NVIDIA / NeMo

A scalable generative AI framework built for researchers and developers working on Large Language Models, Multimodal, and Speech AI (Automatic Speech Recognition and Text-to-Speech)
https://docs.nvidia.com/nemo-framework/user-guide/latest/overview.html
Apache License 2.0
12.2k stars 2.54k forks source link

Sortformer Integration Release Inquiry #10491

Open caliber1313 opened 2 months ago

caliber1313 commented 2 months ago

Hello NeMo Team,

I’m just a student highly inspired by your work on speaker diarization. I’m particularly excited about Sortformer and its novel use of Sort Loss to address the permutation problem in speaker diarization.

I’m eager to use Sortformer in my at home research and would like to ask if there is an expected release date for it within the NVIDIA NeMo framework.
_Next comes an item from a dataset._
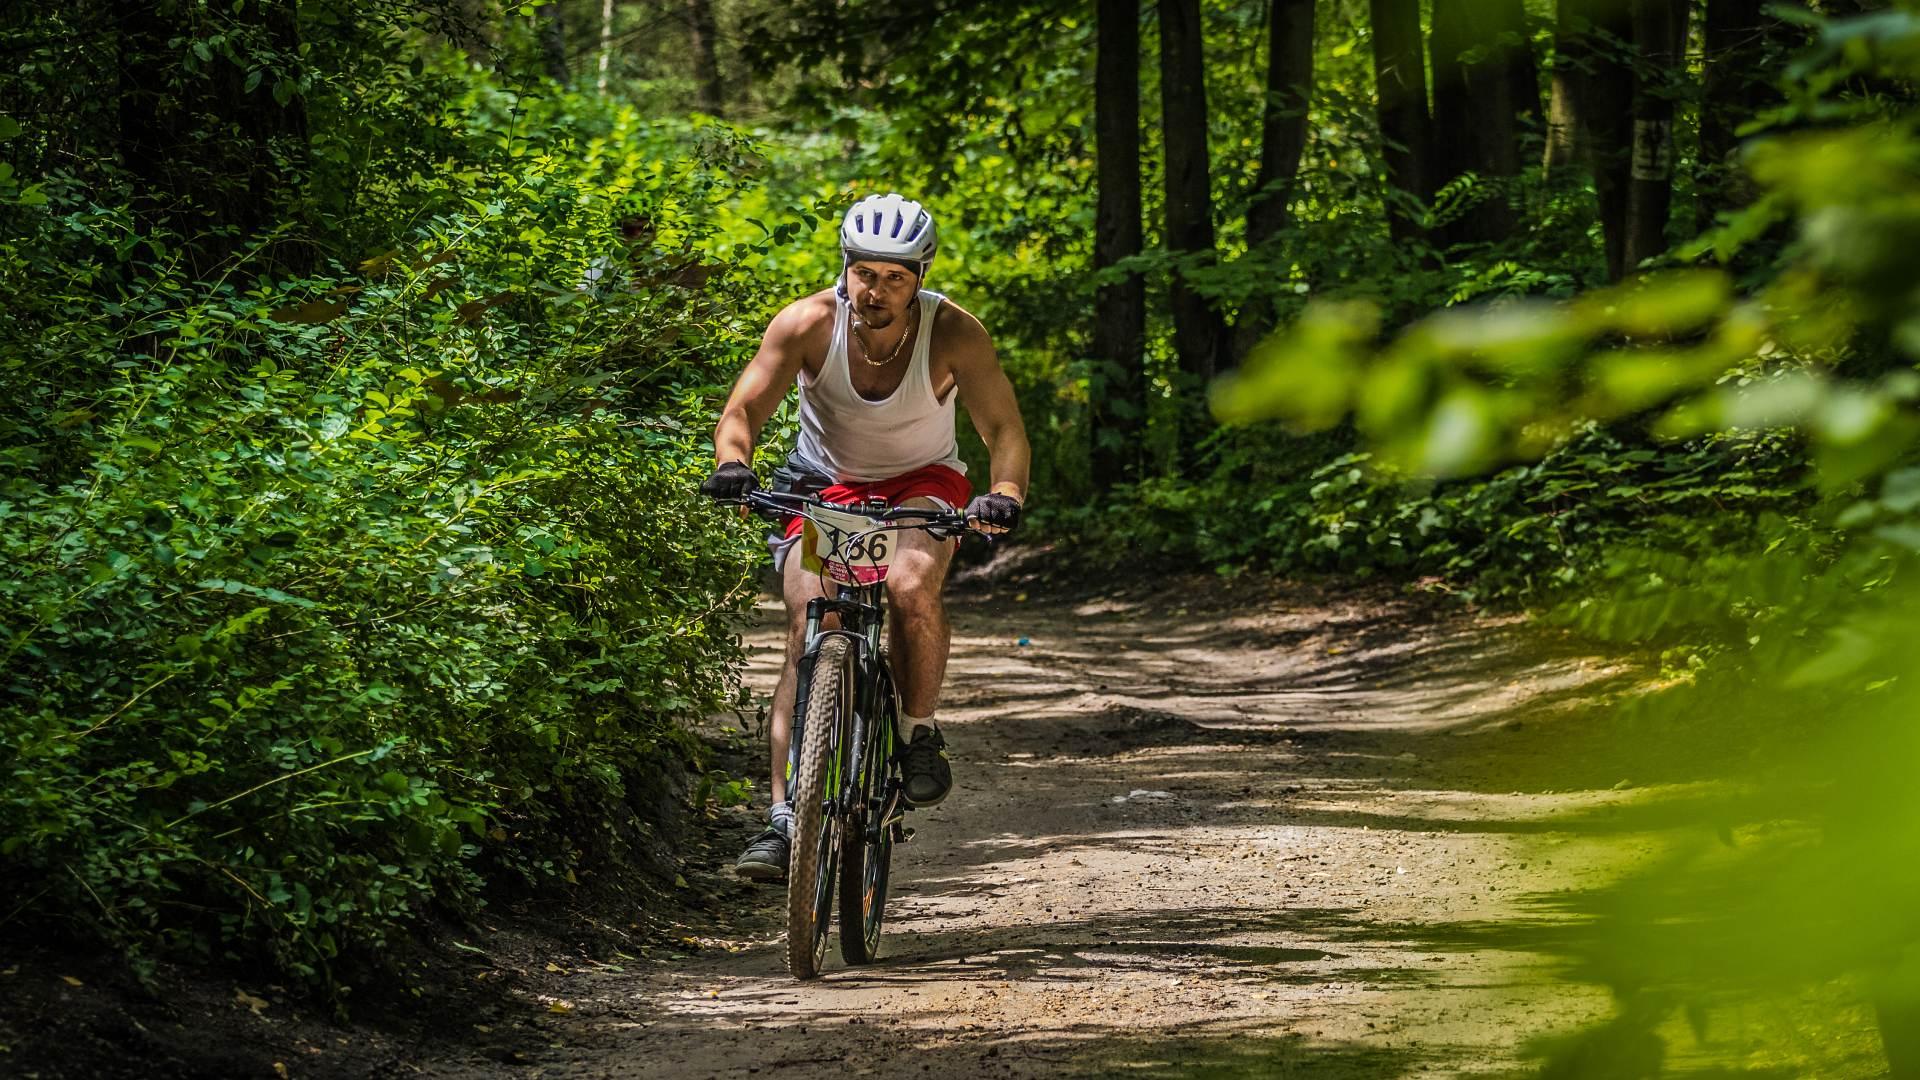 wyscig-rowerow-gorskich-0106
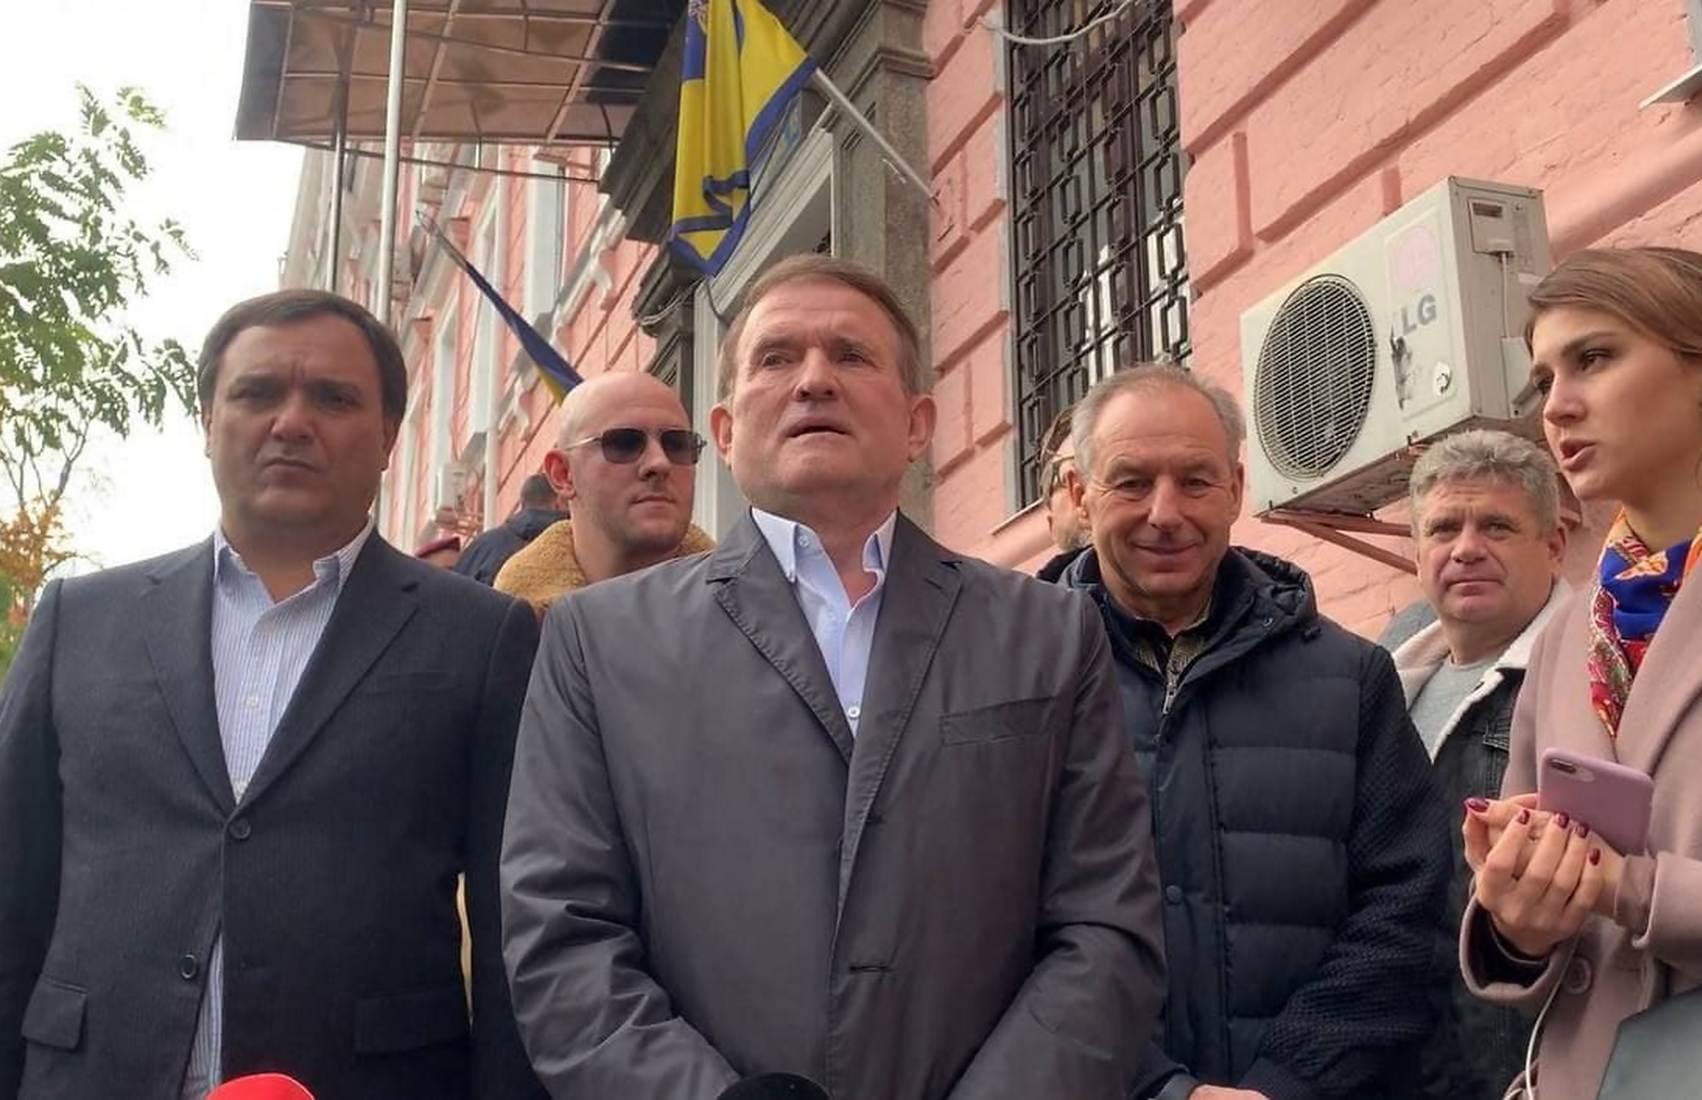 Суд отказал прокуратуре в аресте Медведчука

Thank you for your time and amazing contributions.

tango4j commented 2 months ago

Hi, Thank you for showing interest on our work. The model needs to go through approval processs and PR-reviews. I am planning to release everything by the end of October 2024, but this could be delayed. I will reply to this thread as soon as we release the model. Thank you.

PhamDangNguyen commented 1 month ago

hi

1998karen commented 1 week ago

Hello! Thank you for your work! Are there any updates? Will the Sortformer code be published?

KeystoneScience commented 1 day ago

Hey, checking in on this as well, are there any updates with the code release for experimentation?